Bendover: Encoding Enterprise Judgment into Agentic Coding

In Progress
Agentic Prompt Optimization Judgment

Bendover is an AI-native coding system designed to operate inside an enterprise production codebase. It executes coding tasks under a controlled orchestration loop, exposes a constrained capability surface aligned with repository standards, and enforces an explicit, evolving coding policy.

The primary goal of the system is to leverage prompt optimization to create a more reliable coding agent. To prove that this optimization loop functions under real-world conditions, the scaffolding required to run it had to be built and exercised against a real repository. Consequently, Bendover is a bootstrapped framework where, to date, over 95% of the codebase has been written agentically. Bendover has recently begun contributing to its own development. This was a structural necessity to reach the threshold where the system can run on itself, be evaluated mechanically, and treat prompt optimization as a deterministic engineering problem.

Why general-purpose coding agents struggle in enterprise environments

In greenfield or small repositories, agents are often allowed to control their own loop. They decide which files to inspect, which commands to run, when validation occurs, and how to recover from failure. The orchestration is prompt-driven and optimized for task completion.

Enterprise environments behave differently. Mature repositories already have deterministic systems embedded in them: builds, linters, test suites, security checks, and architectural boundaries. These systems exist and run independently of any agent. Changes must conform to these established patterns and conventions. These are enforced conditions, not suggestions embedded in prompts.

When general-purpose agents are applied directly to these environments, three failure modes typically surface:

  1. The agent controls the full loop instead of operating inside one.
  2. The agent uses tools that do not reflect enterprise structure.
  3. The agent writes code according to its training data (priors), rather than enterprise policy.

Bendover addresses these issues by restructuring how the model participates in the system.

1. The agent is a component inside the loop

In many agent frameworks, the model proposes a plan, executes it, validates the result, and retries as needed. The loop is implicit inside the agent’s reasoning.

In an enterprise context, that structure introduces ambiguity. When the model owns the loop:

  • Validation depends on prompt interpretation.
  • Enforcement can be bypassed if instructions fall out of the context window.
  • Repository state can drift from what the agent believes it to be.

In an enterprise setting, this should be inverted. The loop already exists, and the model must be inserted into that loop as a component.

Bendover enforces this separation through a deterministic orchestrator. During execution, the agent is restricted to single-action turns. The loop requires the agent to output a body-only script. C# (CSX) was chosen for this action surface because its strong typing provides rigorous compile-time validation boundaries and reliable Abstract Syntax Tree (AST) parsing before execution. While the current architecture enforces a single-action constraint to establish strict observability baselines, the system will evolve to support multi-step scripting against the toolkit as it matures.

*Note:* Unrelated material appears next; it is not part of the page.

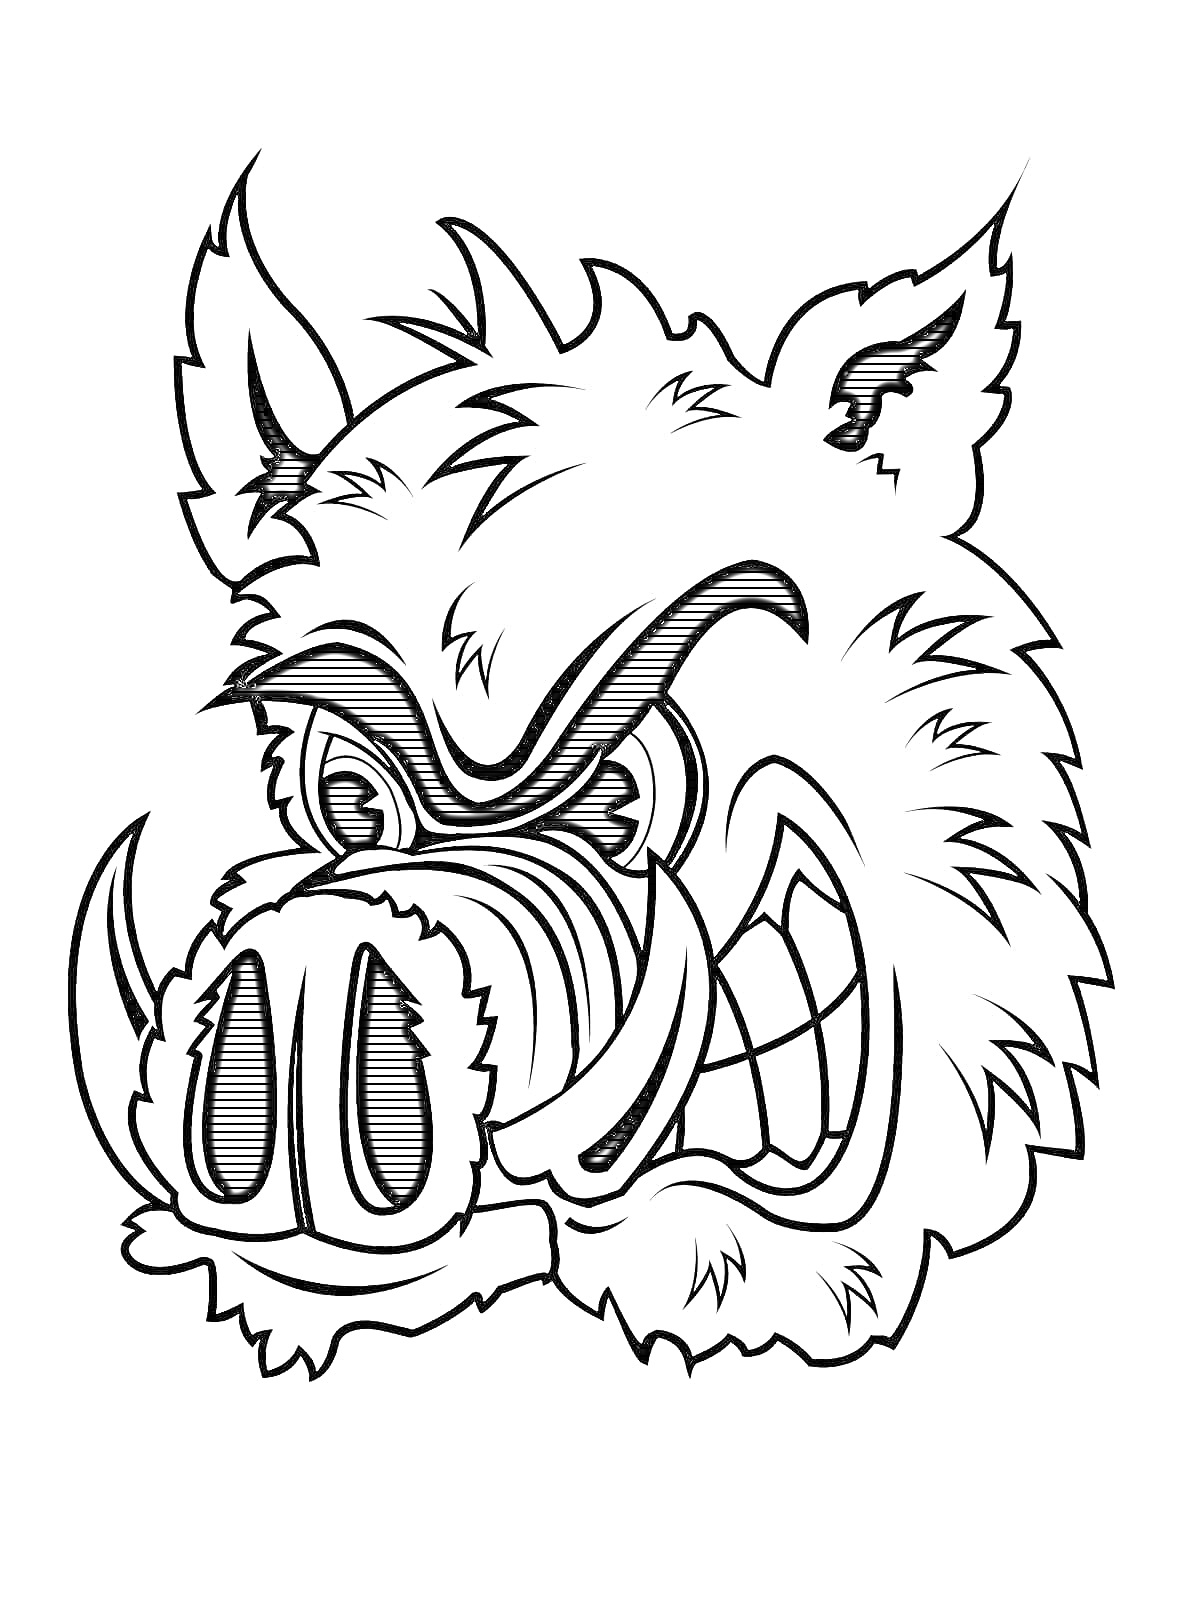 Раскраска Кабан в мультяшном стиле с острыми клыками и злыми глазами

The orchestrator aggressively validates the script using the AST parser to ensure it contains exactly one action, no markdown fences, and no unapproved directives.

The orchestrator executes the action, captures the telemetry, and feeds the result back to the agent. The agent does not decide whether validation runs; the loop requires it. If an action fails, the orchestrator applies back pressure to handle the state rollback. It catches the error, generates a precise failure digest containing the exit code and output tail, and forces the agent to halt, absorb the deterministic feedback, and course-correct.

The model proposes. The loop enforces.

2. Tools must reflect enterprise structure

General-purpose agents typically operate with primitive tools: shell access, file reads, pattern searches, and generic execution commands. These tools are flexible but loosely structured.

Enterprise repositories are not loosely structured. They encode architectural patterns, directory conventions, ignore rules, and invariants that accumulate over time. If the tool surface does not reflect these constraints, the agent must rediscover them repeatedly through trial and error. Unrestricted shell access also introduces severe nondeterminism and context bloat.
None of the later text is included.